Nachdem am 24.04.1918 der deutsche Botschafter in Russland, Graf Mirbach und mit ihm die Hauptkommission für den Gefangenenaustausch und die Fürsorge für die Gefangenen in Moskau eingetroffen waren, konnten am 27. April die Verhandlungen der gemischten Kommission beginnen [10].

Die Gespräche betrafen in erster Linie den Modus des Austausches: Die russische Delegation schlug einen proportionalen Austausch vor, während die deutsche Seite auf dem Prinzip‚ Kopf um Kopf‘ beharrte.

Am 8.05.1918 fand die fünfte Sitzung statt. Es wurde unter anderem der deutsche Vorschlag diskutiert, die deutschen und türkischen Gefangenen von den anderen zu trennen [11].

Am 13.05.1918 trat die Kommission zu ihrer zehnten Sitzung zusammen.

Auf der Tagesordnung stand die Proportionalität des Austausches der Kriegsgefangenen.

Der Russe Gillerson bemerkte, dass die Würde Russlands es nicht zulasse, dass seine Bürger in Deutschland in der Stellung von Kriegsgefangenen blieben, wenn die Untertanen Deutschlands schon heimgekehrt seien.

Praktisch solle ihre Arbeit zur Aufstellung einer Zeitspanne führen, im Verlaufe derer der Austausch der Gefangenen vollständig beendet sein müsse.

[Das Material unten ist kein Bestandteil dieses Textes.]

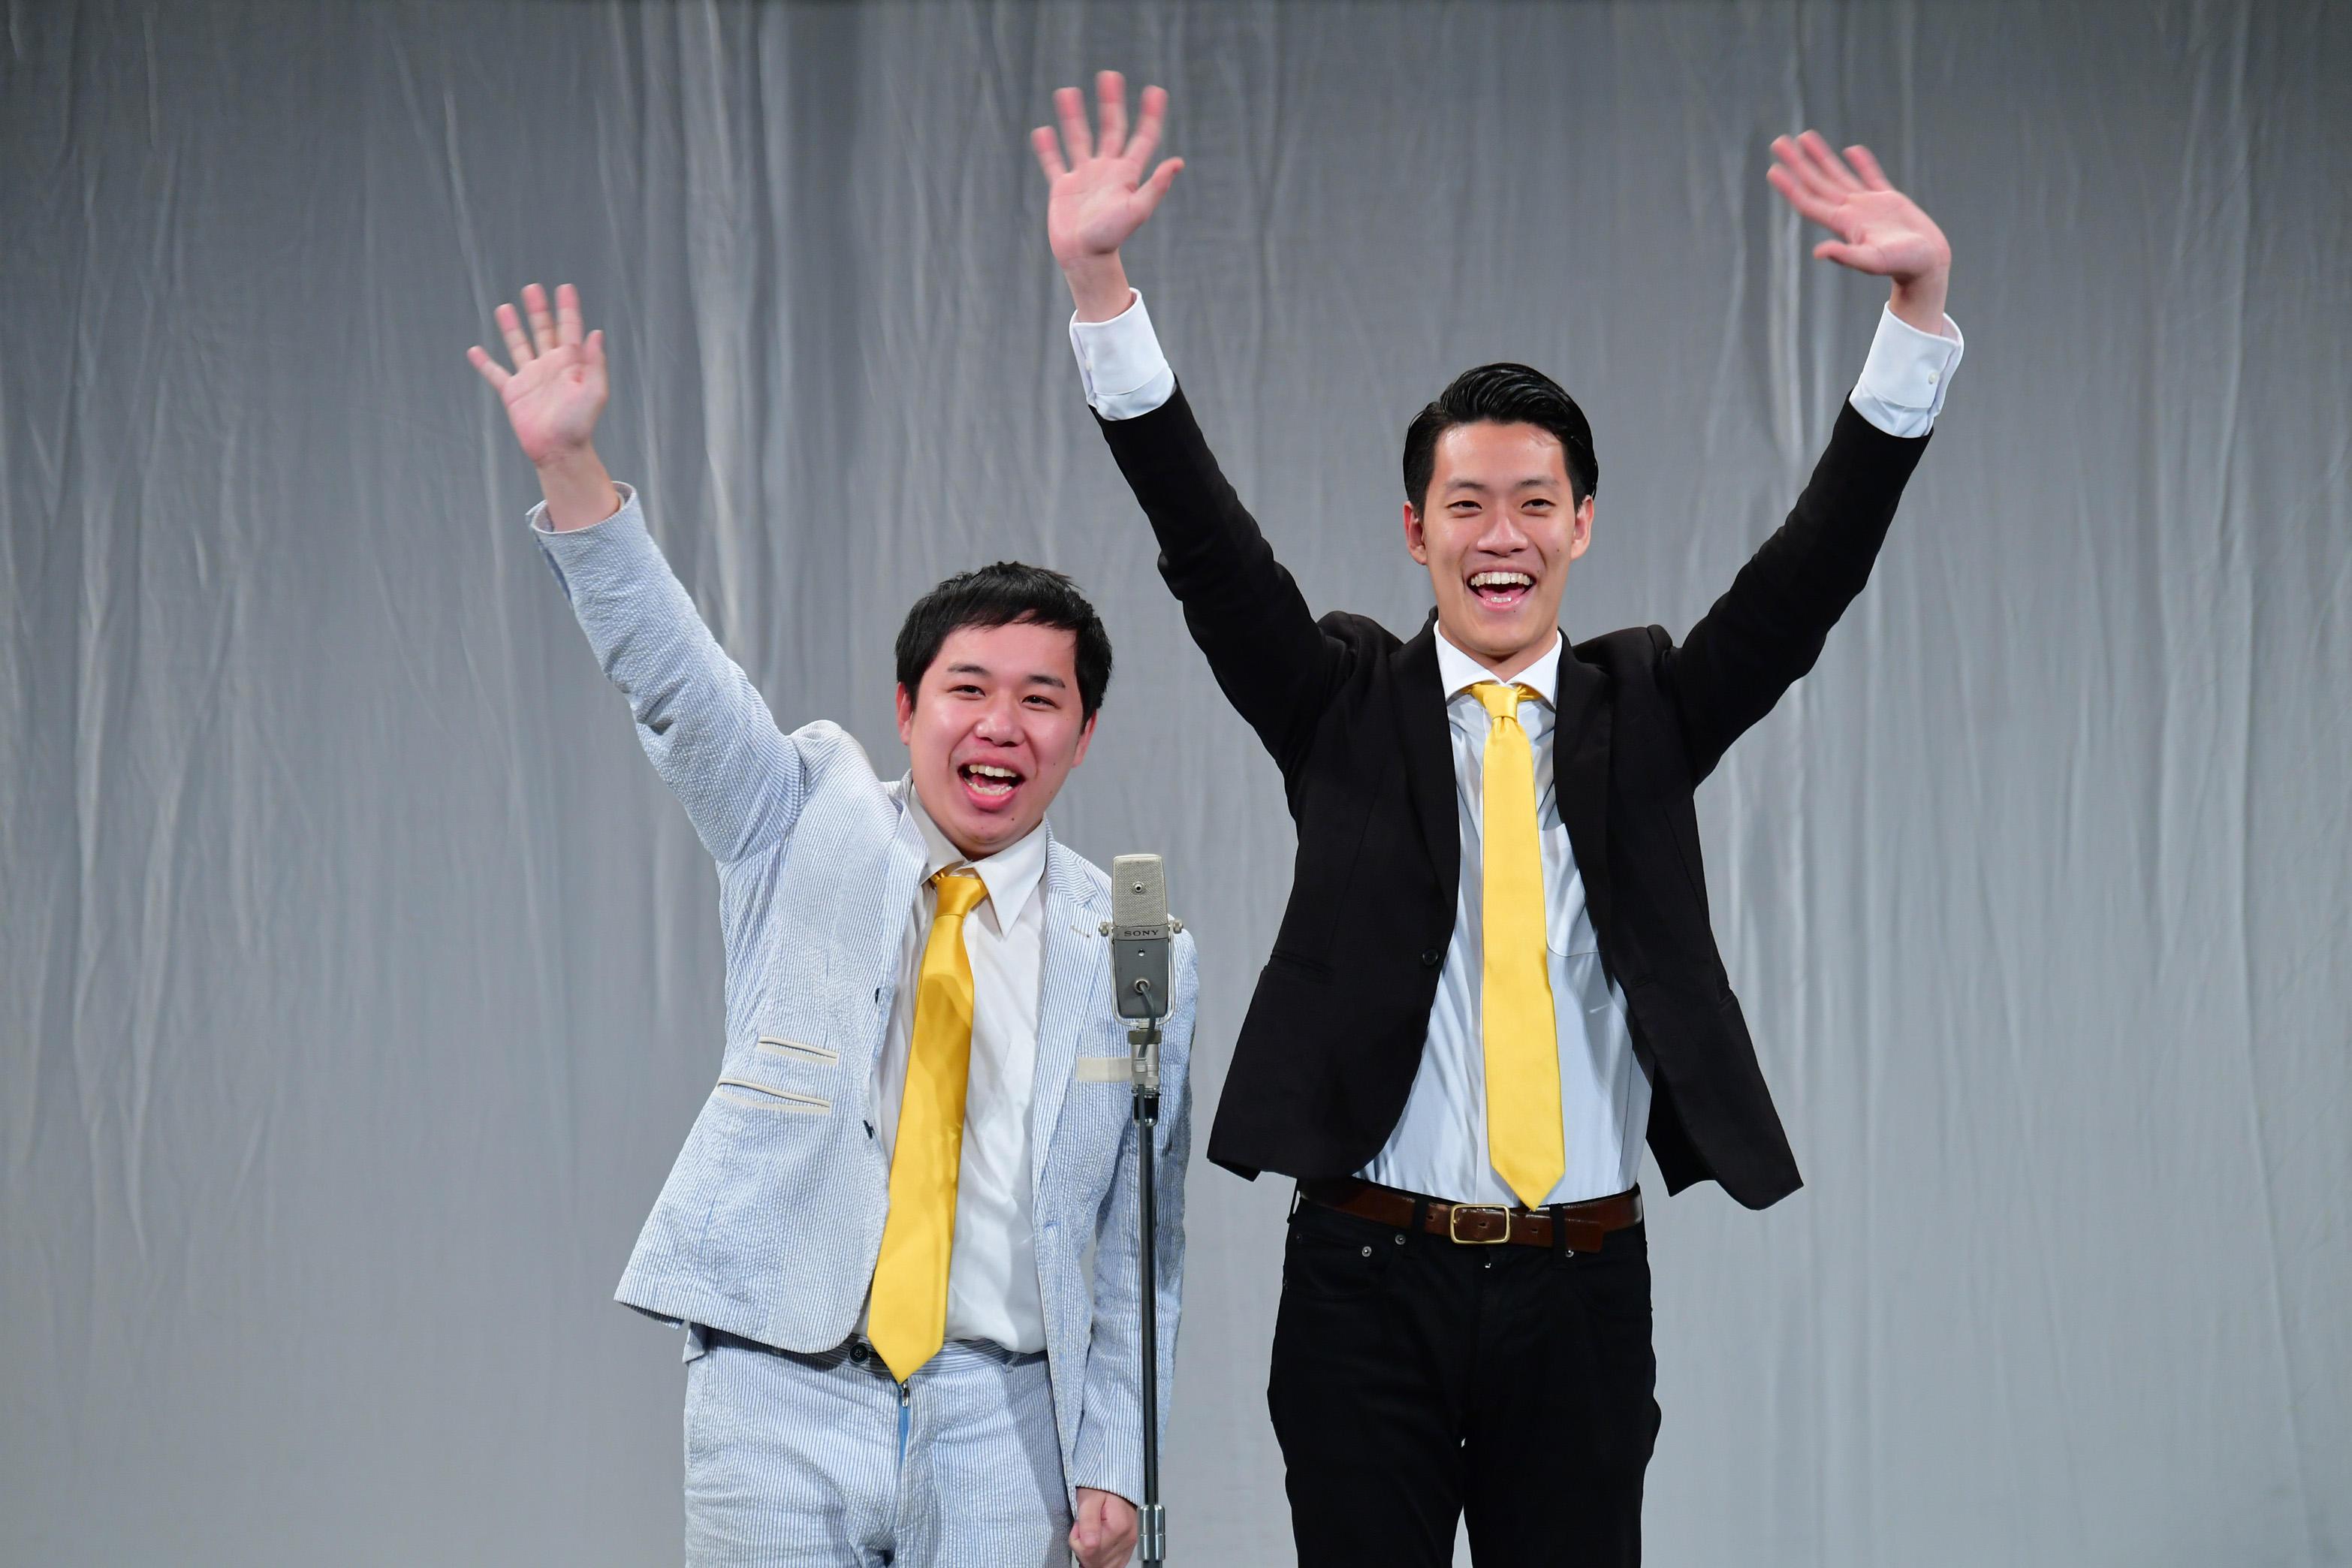 http://news.yoshimoto.co.jp/20181209110035-efe68c3a34c105f2df0c1a95b6868eddbe0d9730.jpg

Angesichts dessen, dass die Zahl der Gefangenen in Russland und Deutschland sich stark unterscheide, müsse man in jeder einzelnen Zeitspanne nicht die gleiche, sondern die proportionale Zahl an Gefangenen austauschen.

Major von Bothmer teilte als Vertreter der deutschen Abteilung für Militärverkehrsverbindungen mit, dass ein proportionaler Austausch folgendes Bild ergeben würde: die russische Seite müsste


7 Züge nach Baranoviči schicken, davon 6 leere und einer mit deutschen Gefangenen, in der gleichen Zeit würde Deutschland
7 Waggons mit russischen Gefangenen schicken, von denen 6 leer zurückkehrten und einer mit deutschen Gefangenen.

Dies widerspreche dem Prinzip, dass die Gefangenen so schnell wie möglich ausgetauscht werden sollten. Über den Zeitpunkt der Beendigung des Austausches könne aus technischen Erwägungen nicht gesprochen werden. Im Moment seien die deutschen Eisenbahnen schon an der Grenze ihrer Leistungsfähigkeit, die Kapazität könne nicht erhöht werden, wenn man bedenke, dass Deutschland jeden seiner Waggons an der Westfront nutzen müsse [12].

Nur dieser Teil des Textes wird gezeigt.